Disclosure of Invention

The invention aims to provide a simulation trainer for the skill of invasive arterial puncture catheterization, which aims to solve the problems in the background technology.

In order to achieve the purpose, the invention provides the following technical scheme:

there is wound artery puncture to put a tub skill simulation training ware, which comprises a bod, the top of organism is close to left side edge and is equipped with the display screen, the top of organism is close to right side edge and is equipped with simulation blood storage tank, the position that the organism right side is close to bottom edge is equipped with power cord, brachial artery simulation blood from a left side to the right side in proper order and connects a pipe, simulation blood vessel connecting pipe and radial artery simulation blood connecting pipe, the position that the organism right side is close to top edge is equipped with switch.

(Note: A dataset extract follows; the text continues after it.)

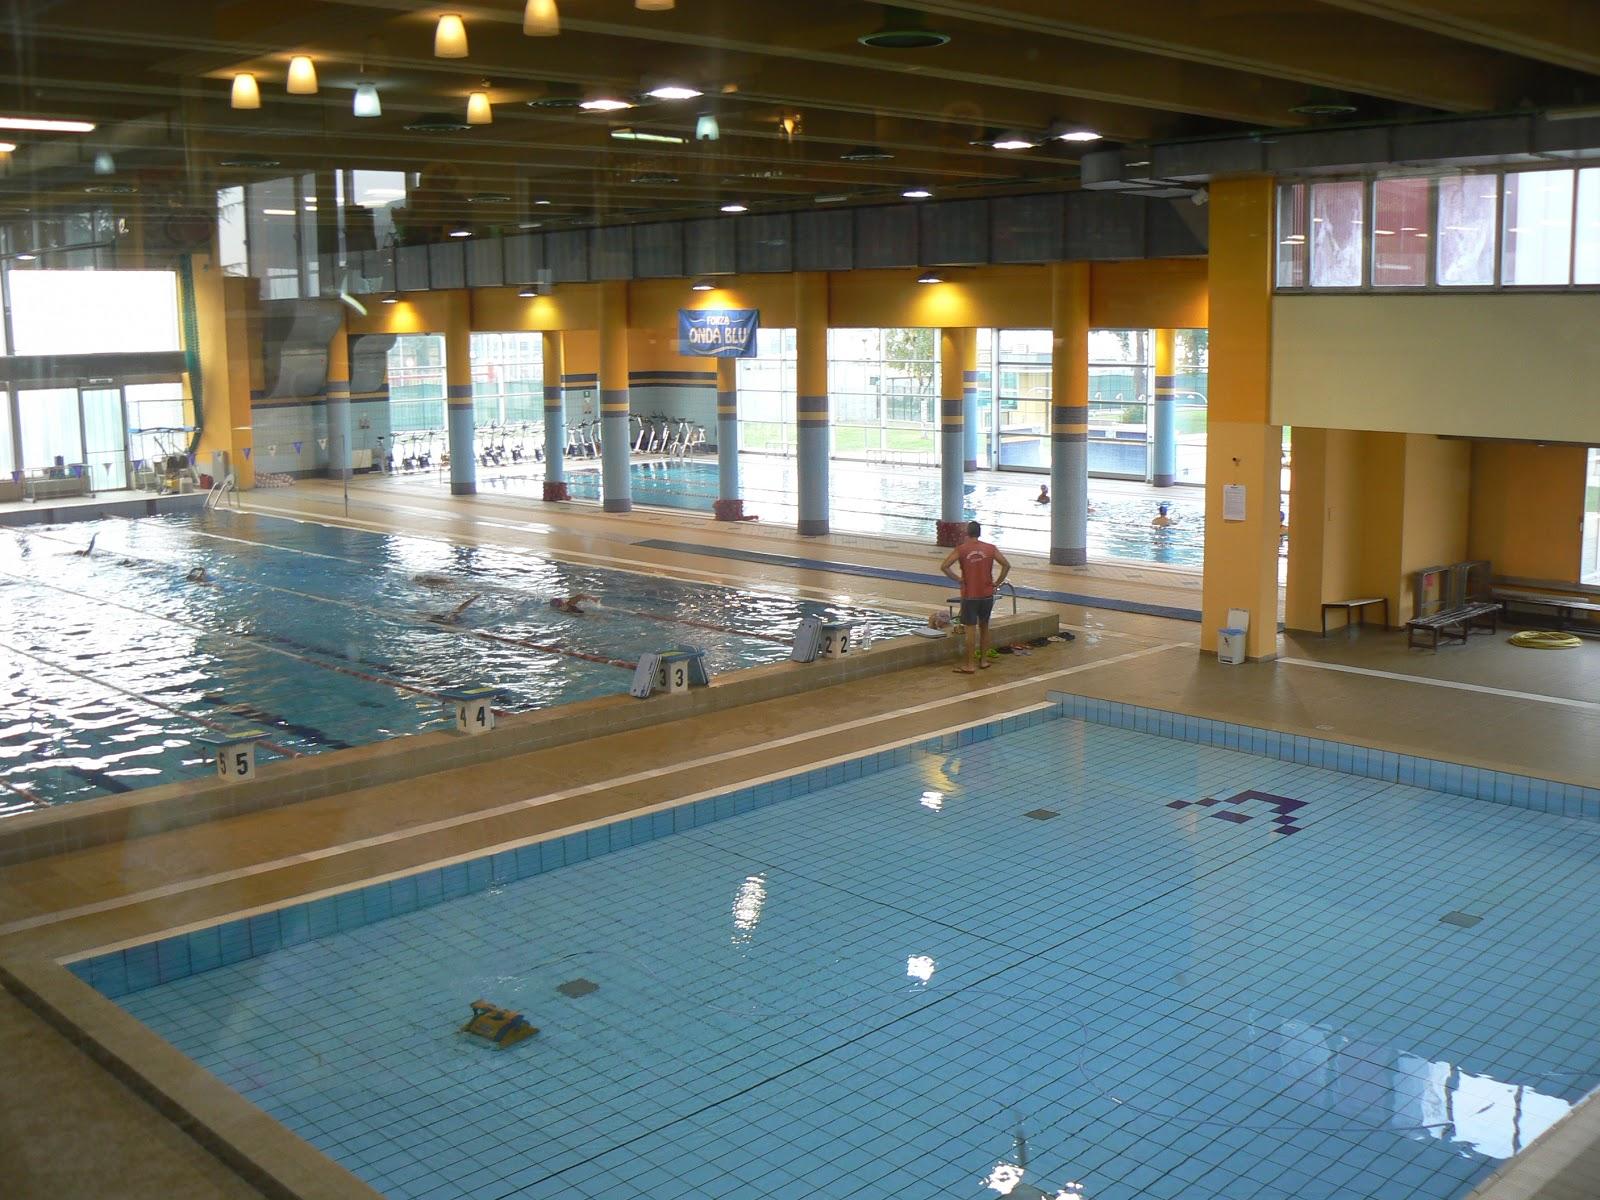 Piscina comunale di dalmine bergamo ener plus - Alzano lombardo piscina ...

Preferably, the brachial artery simulation blood connecting tube is provided with a brachial artery at the end part, and a second pressure sensor is arranged at the position of the brachial artery close to the other end edge.

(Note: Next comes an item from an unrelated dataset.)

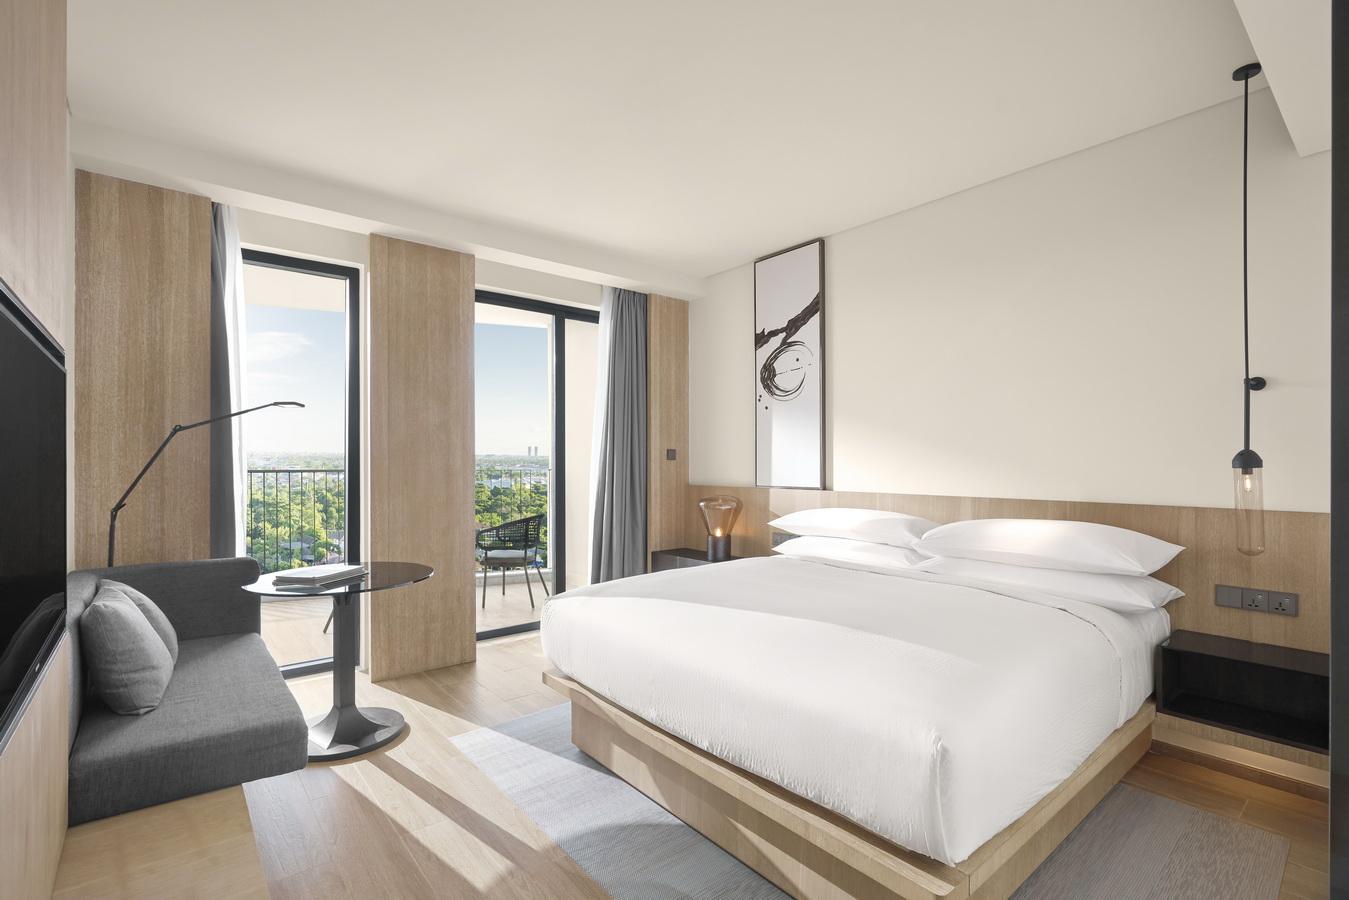 Khai trương Fairfield by Marriott South Binh Duong – Khách sạn đầu tiên của thương hiệu tại Việt Nam

Preferably, a radial artery is arranged at the end part of the radial artery simulation blood connecting pipe, and a first pressure sensor is arranged at the position close to the other end edge of the radial artery.

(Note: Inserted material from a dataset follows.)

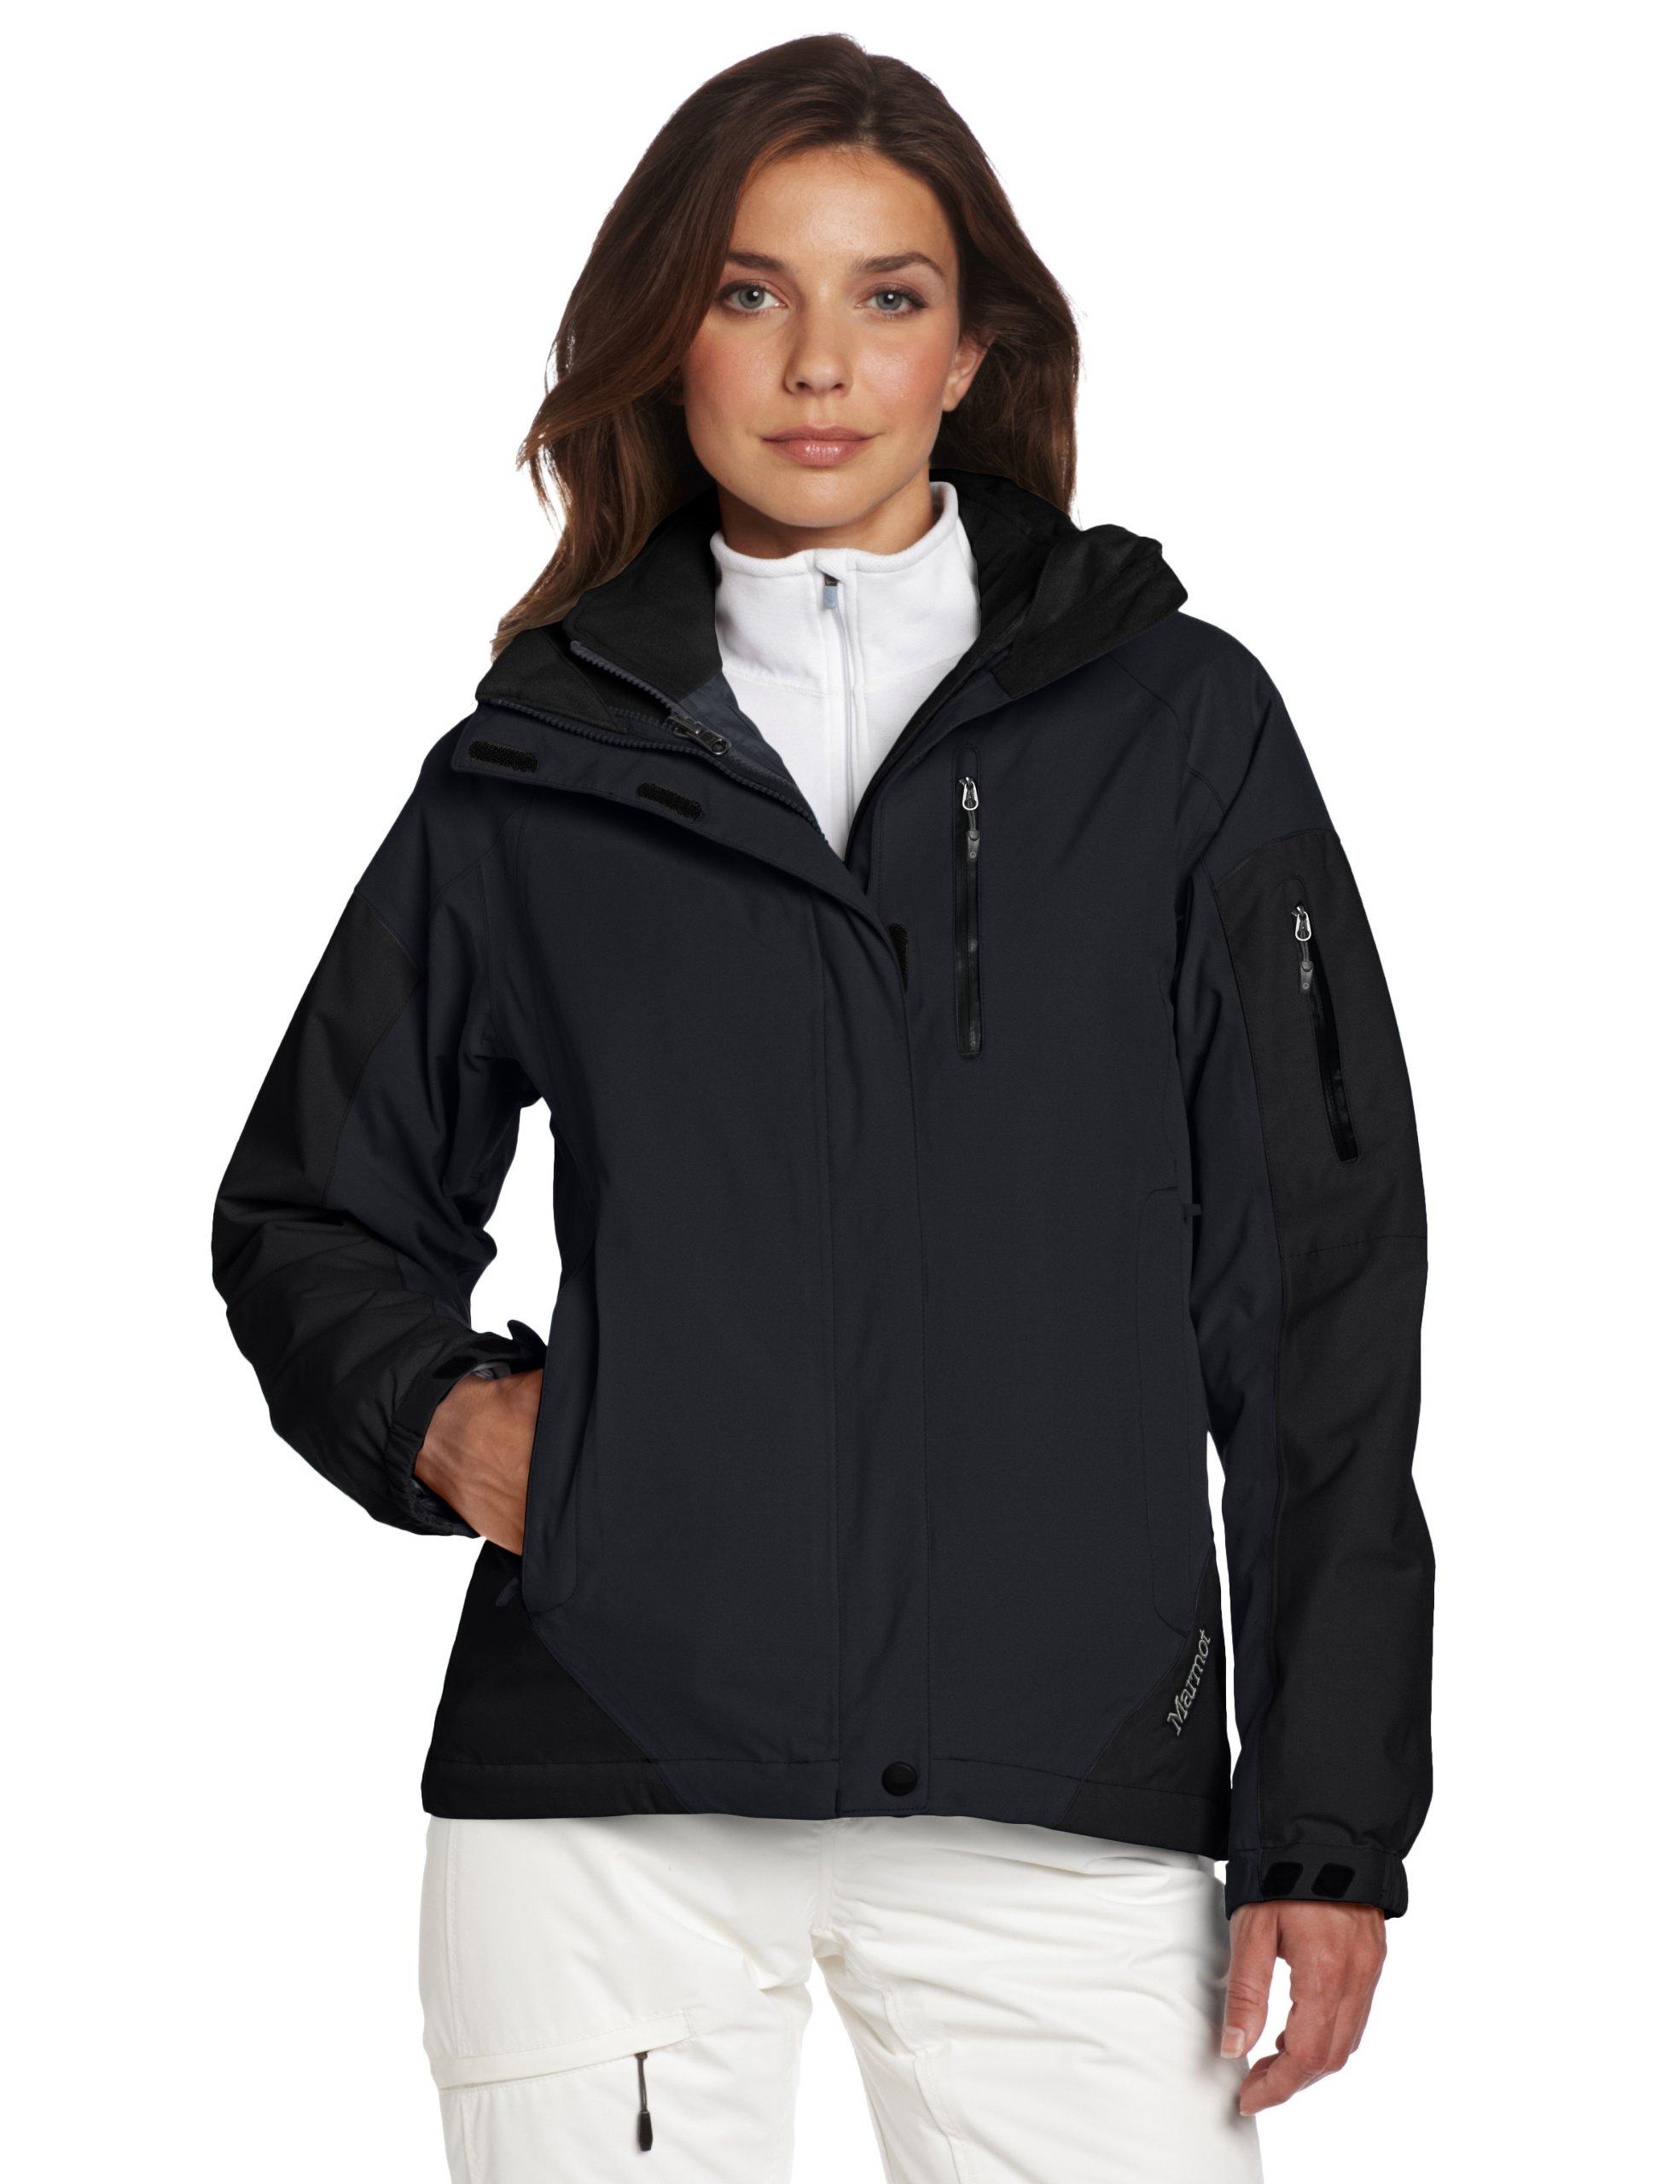 亚马逊美国_Marmot土拨鼠 Women's Tamarack Component Jacket女款三合一冲锋衣

Preferably, a simulated blood vessel is provided at an end of the simulated blood vessel connection tube.

Preferably, the other end of the simulated blood vessel is communicated with the other end of the radial artery, and the other end of the brachial artery is communicated with the position of the radial artery close to the end part of the other end.

Preferably, an input pipe is arranged at the bottom of the simulated blood storage tank and close to the edge of the left side, a first pressure pump is arranged at the bottom of the input pipe, an output pipe is arranged on the right side of the first pressure pump, a three-way pipe is arranged at the end part of the output pipe, and a first electromagnetic valve and a second electromagnetic valve are respectively arranged on two sides of the three-way pipe.

Preferably, the other side of the first electromagnetic valve is communicated with the radial artery simulation blood connecting pipe.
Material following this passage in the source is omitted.